Like Astercote, The Wild Hunt of Hagworthy (1971) taps into the uncanny: the disturbing stories that are embedded in the land, thrumming just under the feet or in the corner of the eye; stories that seemed to be quite prevalent in popular culture in the early 70s, when pagan worship and folk horror crept into children’s books and TV as well. There’s a real sense of menace and danger here from teenage boys in the thrall of an ancient force, unwittingly unleashed by a well-meaning vicar.
I preferred these two to the later A Stitch in Time (1976), a time-slip story set in Lyme Regis, where the cliffs are pregnant with dinosaur fossils and ammonites litter the beach. It’s a more sedate book, with gentle humour and a quirky only child in a stilted family unit who talks to inanimate objects (which talk back) and who discovers the messy freedom and joy of the large family staying in the hotel next door. In The Wild Hunt, the landscape more heavily reflects the mood of its young protagonist. In A Stitch in Time, it’s more sweet; the ideas, while more developed – involving clocks and time, and slips and stitches both literal and figurative – are also spelled out more for the young reader. The other two feel rawer and more visceral, and therefore more interesting.
A Wrinkle in Time by Madeline L’Engle
“You have to write the book that wants to be written,” said Madeline L’Engle. “And if the book will be too difficult for grown-ups, then you write it for children.”
First of all, I love that A Wrinkle in Time has the audacity to open with the line, “It was a dark and stormy night.” I don’t remember if I read this book as a child – if I didn’t, I can’t think how I missed it. It has a rich, dream-like quality with hard science at its core, as well as speculation about other worlds and the entities that might occupy them. It was the book I thought of most when reading Pip Adam’s astonishing new novel Audition, and the idea that the physical state of a world can be beyond human comprehension and language.
It was actually a newer book that drove me to read A Wrinkle in Time – Rebecca Stead’s 2009 middle-grade novel When You Reach Me, which is one of the best contemporary children’s novels I’ve read.

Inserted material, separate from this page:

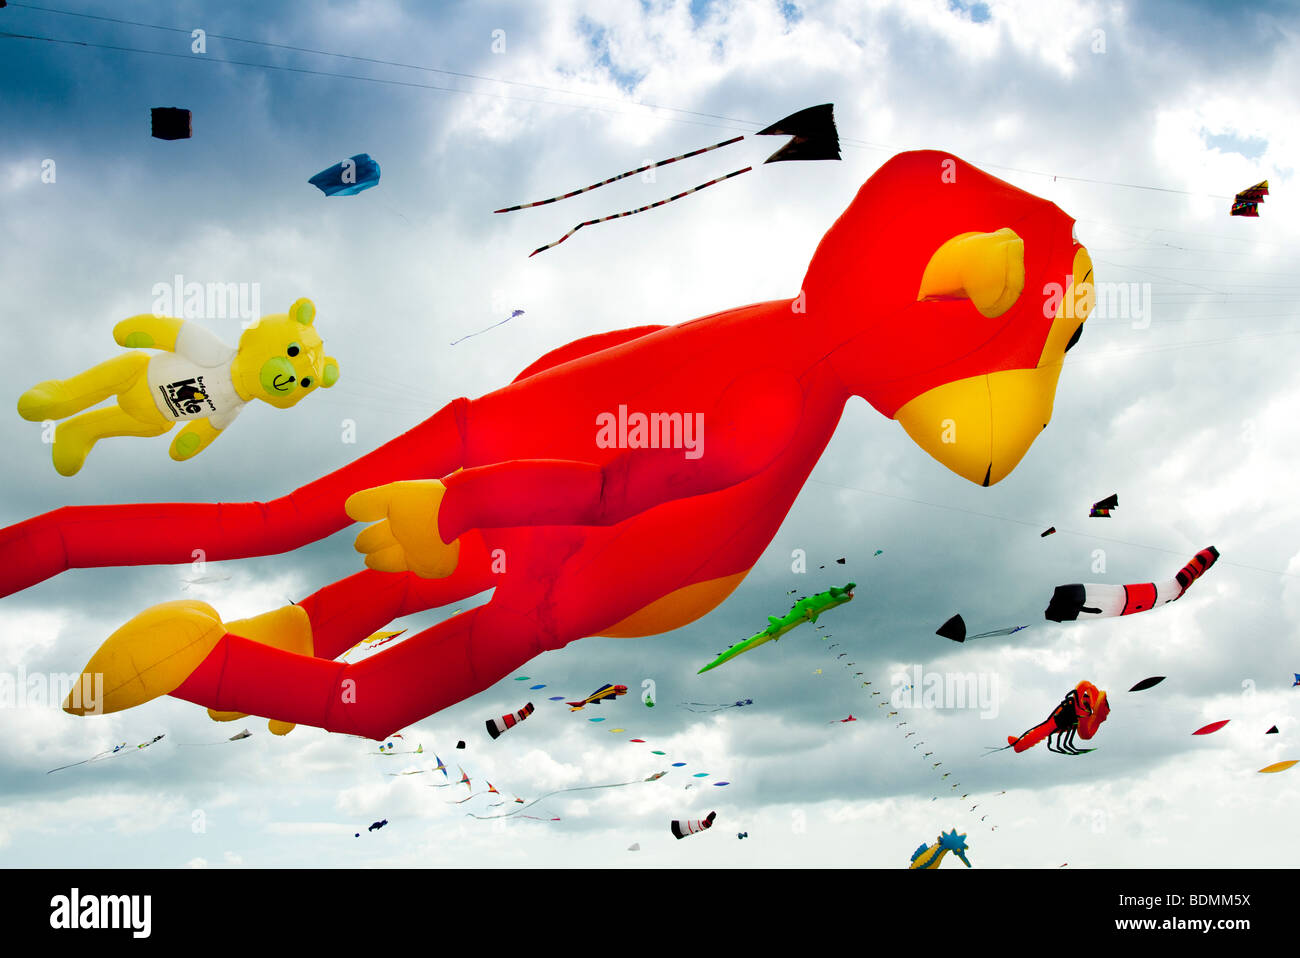 monkey kite flying at a kite festival - Stock Image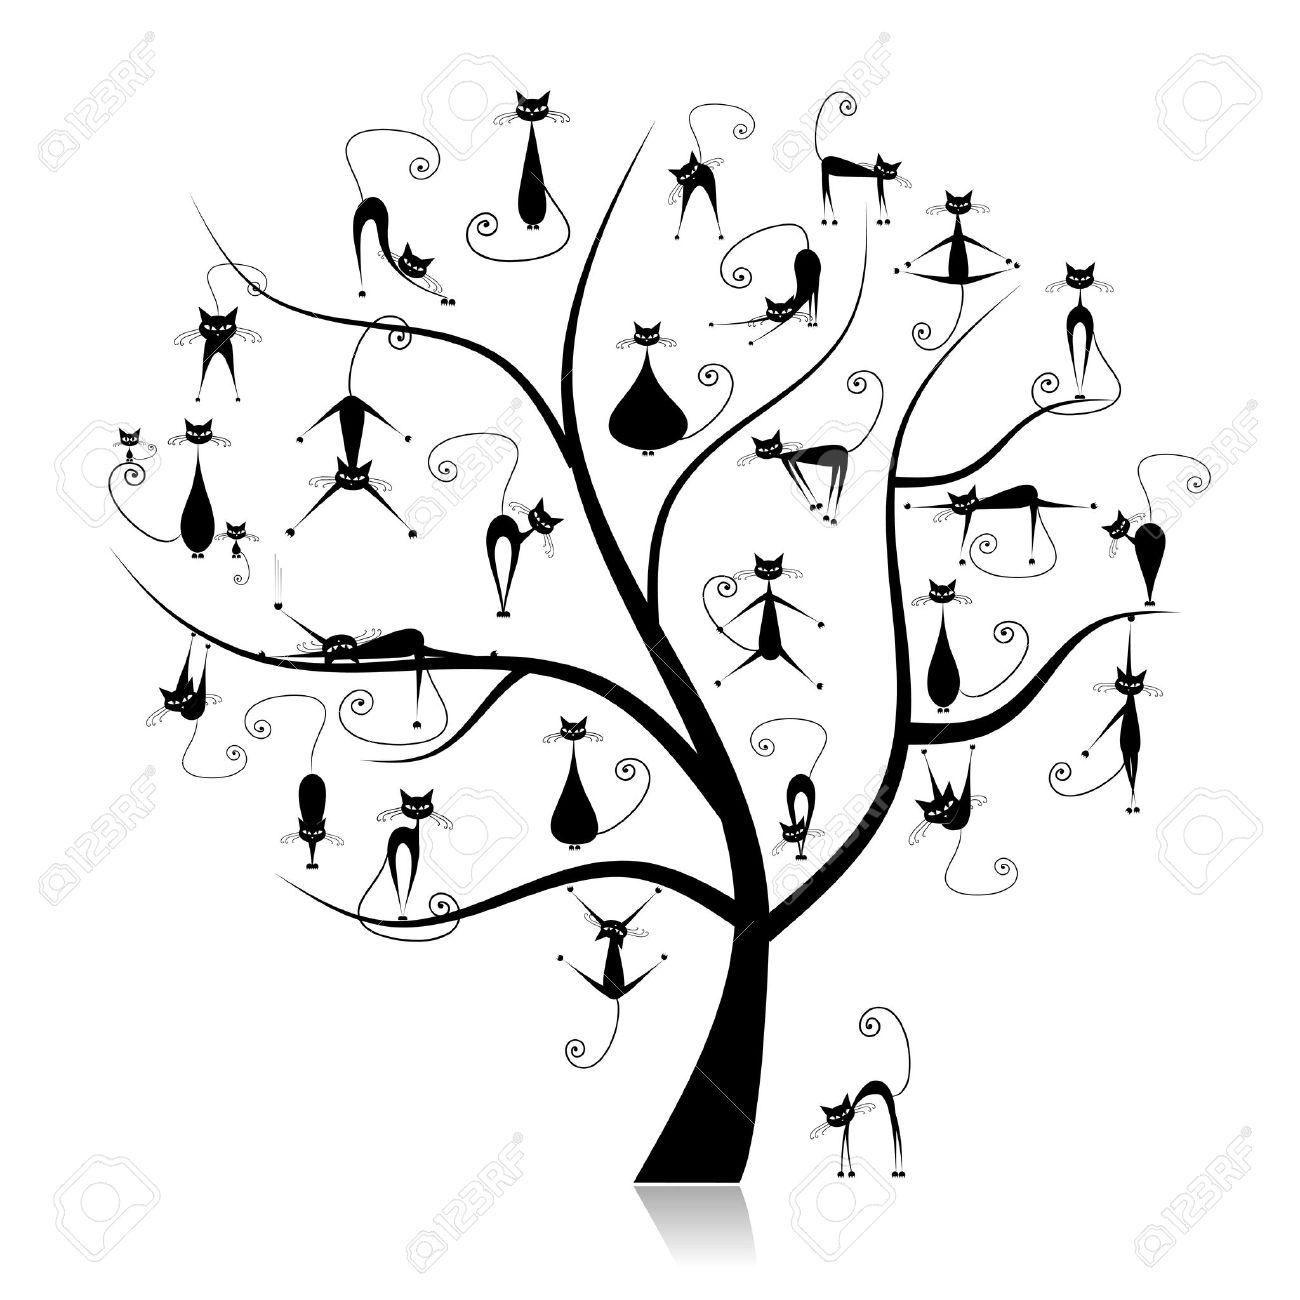 Family cats tree, 27 black silhouettes funny Stock Vector - 6927726

In it, the protagonist Miranda adores L’Engle’s book; it becomes a talisman in her story, and ties into its timey-wimey twists. It is a joy to read novels that converse with other novels, and which subtly enhance the reading of both.
Reading A Wrinkle in Time with my autistic child, I couldn’t help but read Meg and little brother Charles Wallace as neurodivergent in different ways. It’s definitely worth a trip back to see the Mrs Whatsit, Who and Which, and the nurturing Miss Beast, who compels Meg to think to herself, “It was she who was limited by her senses, not the blind beasts, for they must have senses of which she could not even dream.”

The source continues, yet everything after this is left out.